How to test : At the moment, it only works with Mozilla using X11 core font. Mozilla with Xft doesn't yet work (bug 176290 deals with the issue). Neither does it work for MS Windows and MacOS. I guess what has been done for MathML can be employed to make this work under MS Windows and MacOS. 1. Downloadl New Gulim and Old Gulim as explained in comment #2. 2. Put them somewhere on your machine (in a separate directory) 3. Make fonts.scale with the following content: 2 Ngulim.ttf -HanYang-Newgulim-medium-r-normal--0-0-0-0-p-0-iso10646-1 Ogulim.ttf -HanYang-Oldgulim-medium-r-normal--0-0-0-0-p-0-iso10646-1 4. Run 'mkfontdir' in the directory 5. Make fonts.alias with the following content: -HanYang-NewGulimJamo-medium-r-normal--0-0-0-0-p-0-hykoreanjamo-1 \ -HanYang-NewGulim-medium-r-normal--0-0-0-0-p-0-iso10646-1 -HanYang-OldGulimJamo-medium-r-normal--0-0-0-0-p-0-hykoreanjamo-0 \ -HanYang-OldGulim-medium-r-normal--0-0-0-0-p-0-iso10646-1 '\' at the end denotes the continuation and two lines separated by '\' have to be concatenated into one line. 6. If your XFree86 (Linux/FreeBSD/NetBSD) configuration is set up to load 'freetype' module by default, just running 'xset fp+ `pwd` ' will make these fonts available. You can change XF86 configuration to load 'freetype' module next time you launch X server. 7. If not, you have two options. A. Add the directory to the list of paths searched by xfs (most Linux distributions these days use xfs) in your xfs configuration file (/etc/X11/fs/config or /usr/X11R6/lib/X11/fs/config) and relaunch xfs ('kill -USR1 PID_of_xfs' will effectively do it. B. Run a separate xfs at a different port. In that case, you have to make xfs configuration file. When bug 176290 is resolved, Xft-enabled Mozilla would relieve end-users of this chore completely.

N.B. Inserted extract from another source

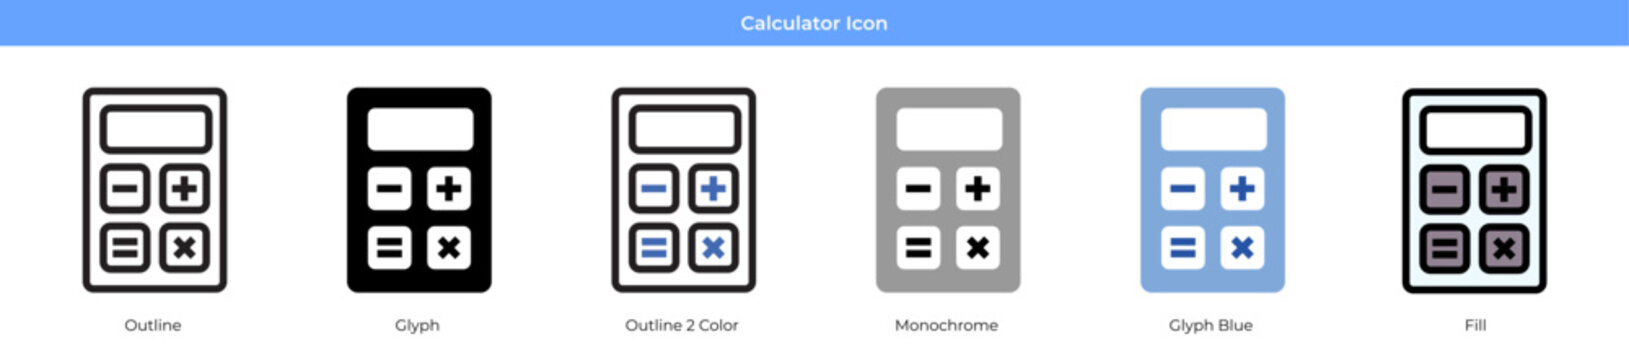 Calculator Icon Set

It'd be very nice if somebody could review my patch. (There are for sure some rough edges.) I'm not sure whom to ask for review. The goal of this bug is writing a converter for these custom-encoded fonts and I think I achieve the goal except for 4,500 syllables missing in the conversion table(oj2ns.h) from Jamo seq. to precomposed syllable glyphs in Nxxx style fonts.(see comment #10). Not having them doesn't prevent Nxxx style fonts from rendering the total of 1.5 million syllables because they have fall-back glyphs for combining Jamos. These fall-back glyphs can be used for on-the-fly generation of glyphs for syllables.
I gave wrong URLs in comment #12 and comment #13.They should be http://jshin.net/i18n/korean/ngtest.html http://jshin.net/i18n/korean/ogtest.html Two more test pages are up at http://jshin.net/i18n/korean/hunmin-ng.html http://jshin.net/i18n/korean/hunmin-og.html (You can figure out how the page should be rendered by looking at http://jshin.net/i18n/korean/hunmin.html with Mozilla-Xft or Mozilla-FT with CODE2000 font installed.) While testing two pages above, I found a problem with my converter dealing with the end of a run. Actually, I think I'm doing the right thing (except that it doesn't yet check the output buffer overrun) with 'Finish' and 'Convert' method. (What I did is similar to what's done in nsUnicodeToUTF8 to deal with surrogate pairs). It seems like 'Finish' method is called NOT before BUT after the first character NOT representable by my converter. That is, when 'C_1C_2C_3C_4N' (where C_i's stand for covered characters and N is for a non-representable character) and C_4 is in the buffer without being committed (because characters to come in next chunk of input can combine with C_4 just like high surrogate in UTF-16 can combine with low surrogate ) when N is encountered. 'Finish' method seems to be invoked AFTER 'N' is rendered instead of BEFORE 'N' is rendered. The result is 'C_1C_2C_3NC_4'. Could any one shed some light on this? I'll also look around. Thank you.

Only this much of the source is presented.